2: Consider a productive role for the cloud in your big data strategy
Large enterprises in particular tend to shy away from the use of public clouds because they are nervous about security and governance. However, in many cases public clouds are ideal environments for rapid big data analytics prototyping, as long as you move your prototypes off the public cloud as soon as you are through running them.
Public clouds can also be economical places to stash and to archive your raw big data. Public clouds, and how you choose to use them, should be clearly articulated in your IT policy.
3: Use your SOR data as a matrix for big data
One of the greatest challenges in big data projects is finding ways to organize the data for best results. Many companies have discovered that they already have an organizational framework for their big data in their SOR data. For this reason, many companies use the data vectors from their SOR data and simply overlay these organizational frameworks on their big data.
Customer data is a prime example. Within the SOR customer master file record you already have the customer's name, address, and possibly other demographics. If you later choose to add web storefront usage patterns and propensities from this customer, you can append the web-based big data to the SOR data for a more complete picture of the customer and how that customer is interacting with your company.
4: Prune your big data as soon as possible
There is a tendency for companies to maintain all of their incoming big data in raw form, even though much of it may never be used. The concern is that future queries might require big data that is not being used today, so IT is playing it safe by just keeping all of the data.
However, there is an equally strong argument for sizing down the amount of big data that you accumulate. Some of this data, such as jitter from network and machine handoffs, is likely never to be used. There is also overhead data from website interactions.
Developing criteria and methods for stripping away data that you strategically consider to be unimportant for the long as well as for the short term is one way to control the data deluge, and the cost of storing it all.

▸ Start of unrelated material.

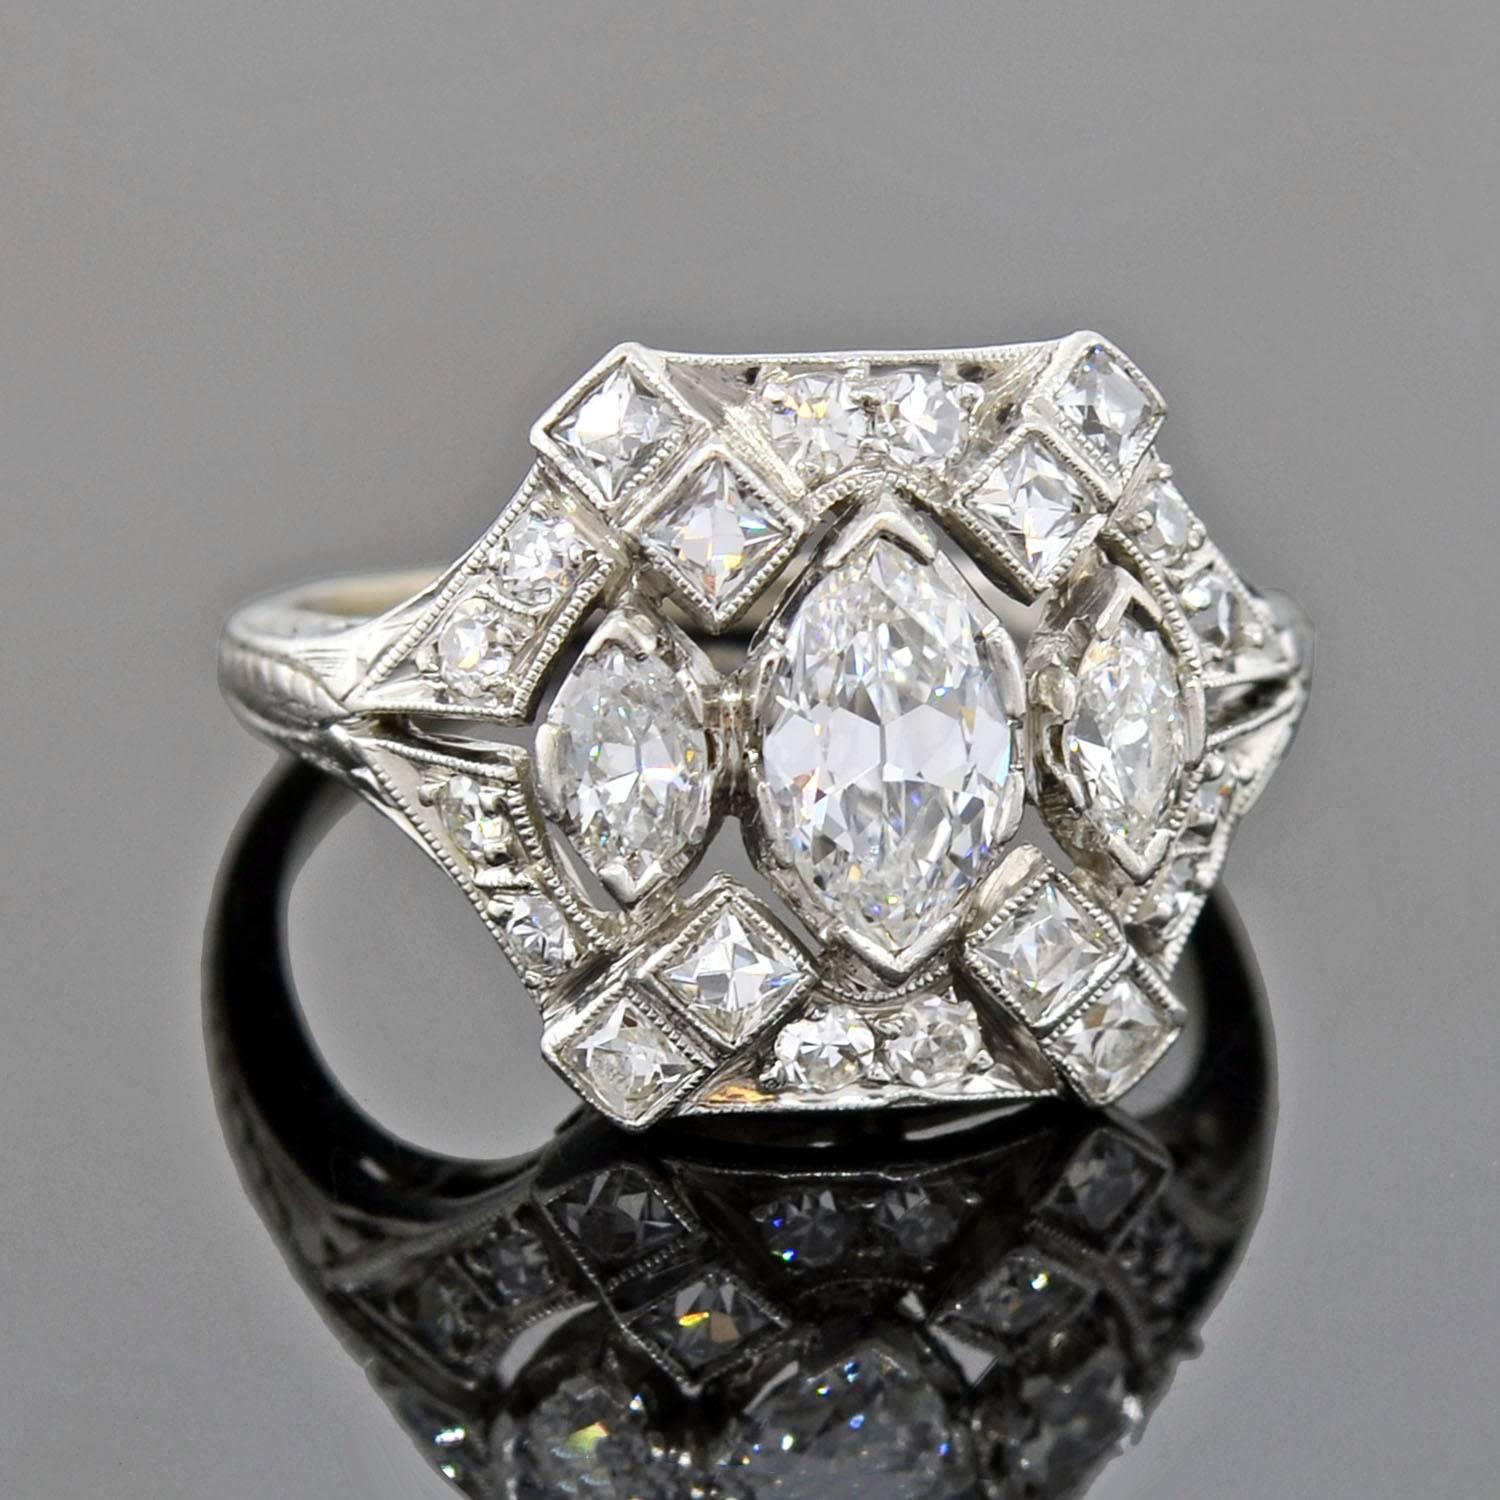 An exquisite diamond ring from the Edwardian (ca1910) era! Made of platinum, this gorgeous ring has an intricate filigree design that features a cluster of sparkling diamonds. Three marquise diamonds are set across the middle, surrounded by an

5: Establish governance standards for big data
Governance standards can be established based upon big data business use cases. Who should have access to the data, and how much access should various individuals have? Are there data privacy issues involved? What other governance issues should you be concerned with? Is this data (and any resulting big data application prototyping) acceptable in a public cloud environment? Defining governance guidelines should be an upfront task in every big data project.
6: Understand the data quality tradeoffs between in-stream, real-time, and batch analytics
Real-time big data analytics must be real-time, so there is limited opportunity to clean the data or to perform data quality checks. Consequently, those making decisions based upon this data should be apprised of the data's potential to mislead because of possible data quality issues. This is a good reason to vet real-time big data analytics requests for the potential risks they introduce in the area of data quality. Most companies are running batch analytics on big data, so in these cases data quality risks are lessened because there is time to clean data and ensure data quality.
7: Plan for disruption
You never know what's around the corner when it comes to new big data sources and methodologies that will become available. Every IT manager engaged with big data should accept big data technology and business disruptions as a way of life — and enact strategies and architectures that are sufficiently malleable to accommodate these new developments.